◆ What you are asked to do ◆
Would you retype the whole listing verbatim, keeping pictures out of it?

◆ Dataset content ◆
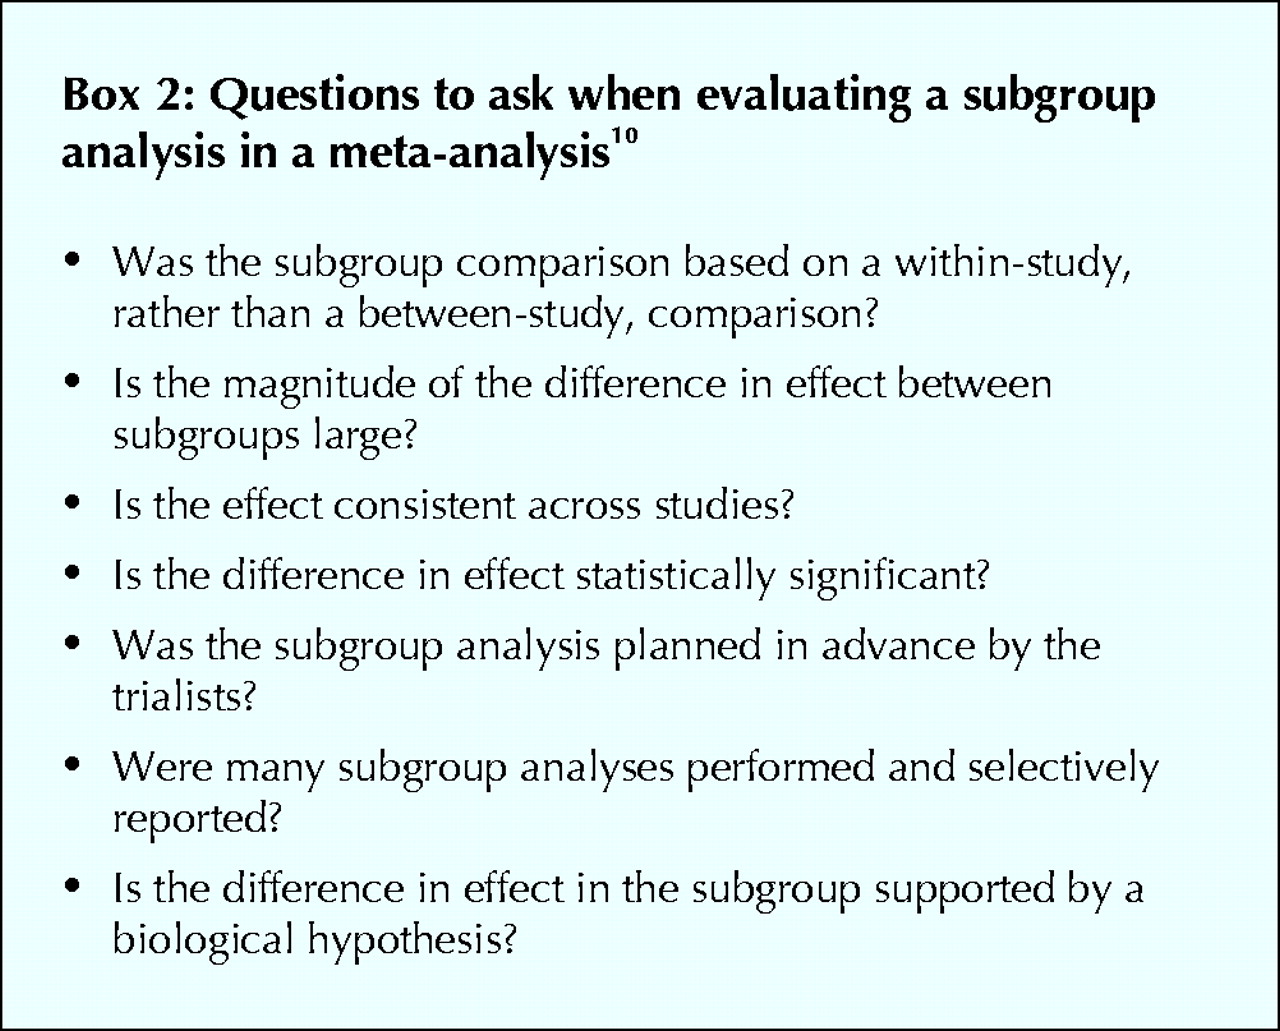 Subgroup analyses may be misleading - Students 4 Best Evidence
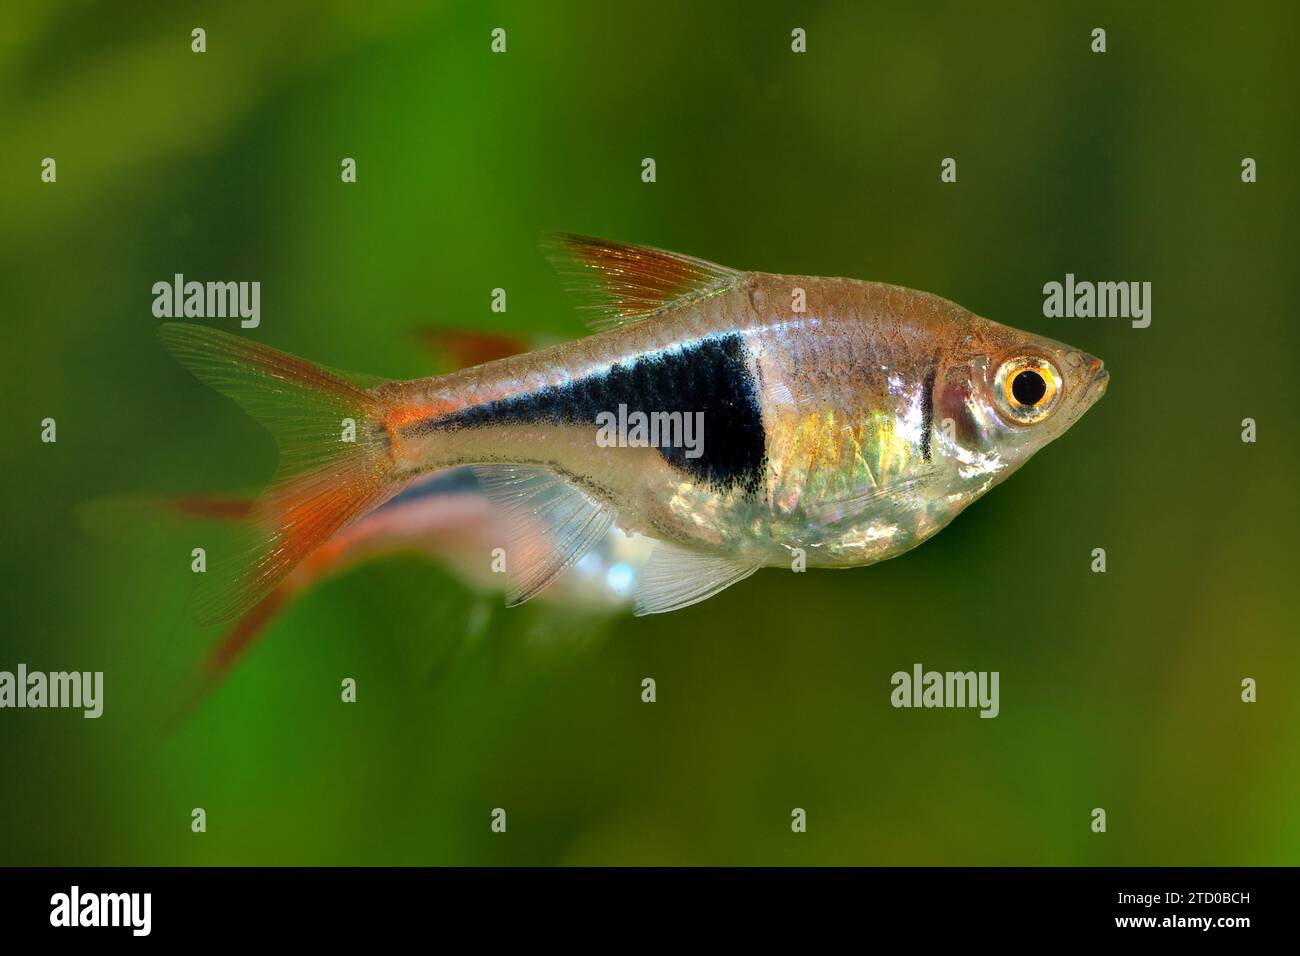 Harlequin Rasbora, Harlequin fish (Trigonostigma heteromorpha, Rasbora heteromorpha), side view Stock Photo
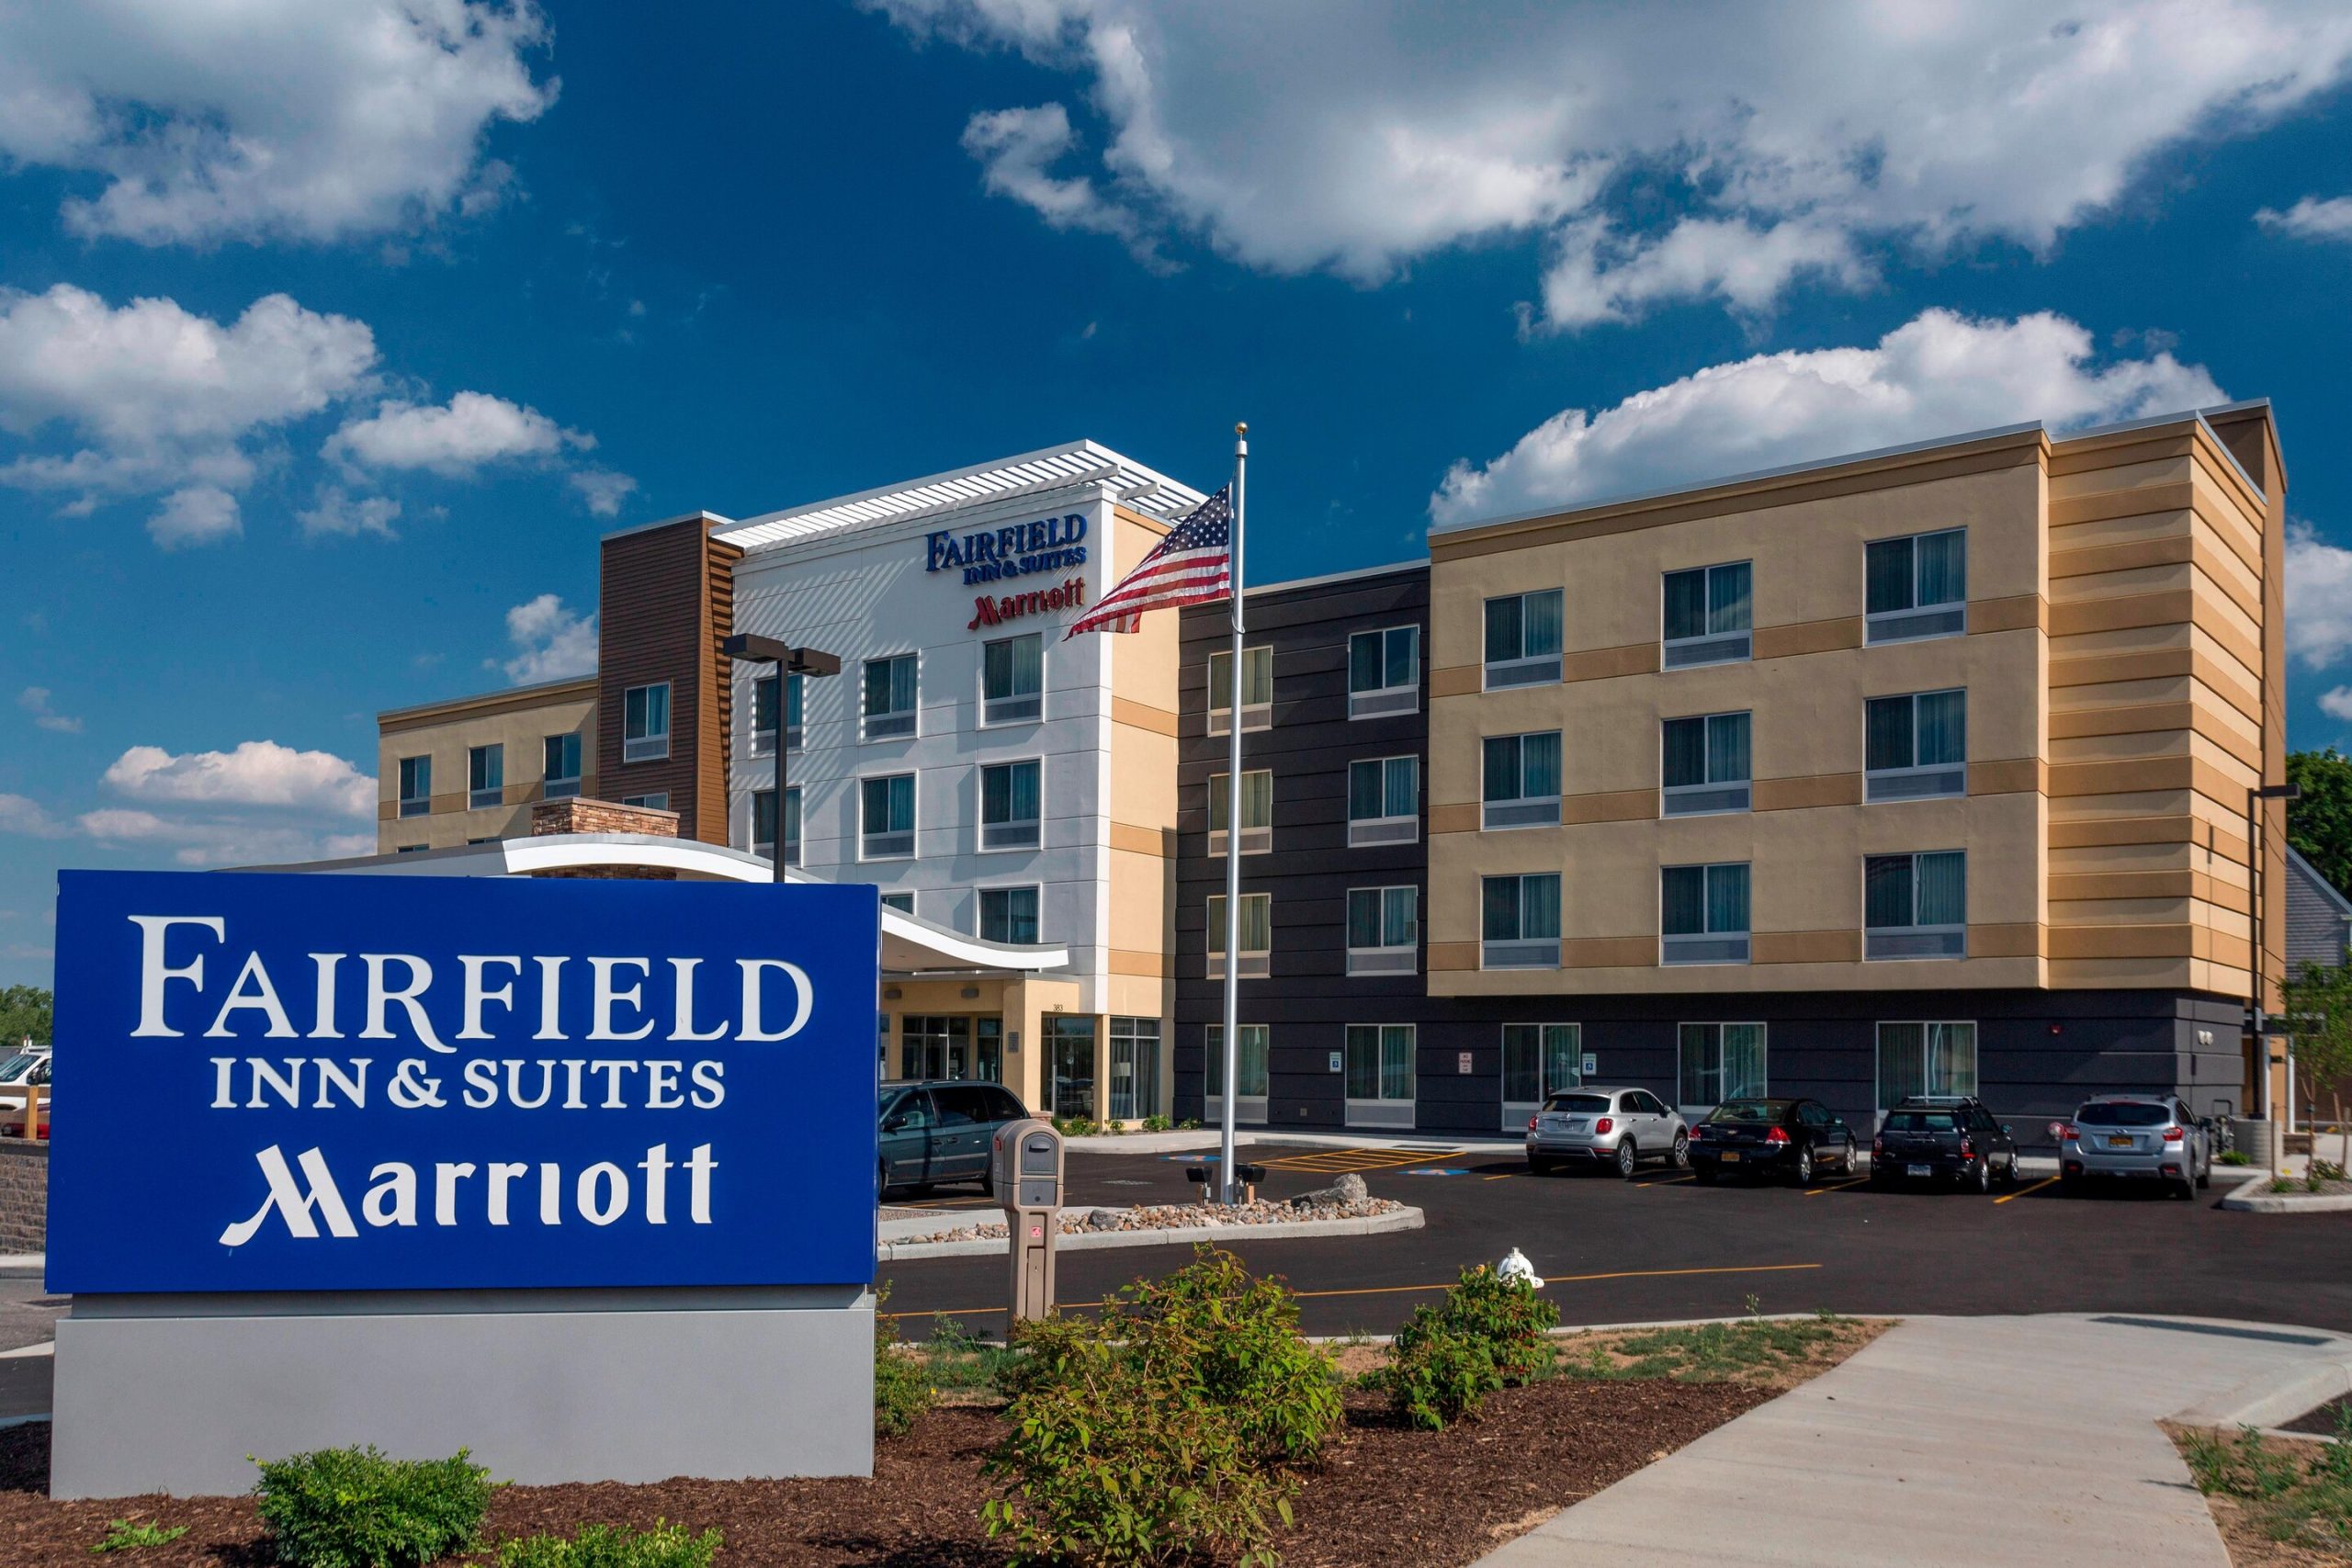 Fairfield Inn & Suites, Geneva, NY

◆ Task solution ◆
 Subgroup analyses may be misleading - Students 4 Best Evidence
 Harlequin Rasbora, Harlequin fish (Trigonostigma heteromorpha, Rasbora heteromorpha), side view Stock Photo
 Fairfield Inn & Suites, Geneva, NY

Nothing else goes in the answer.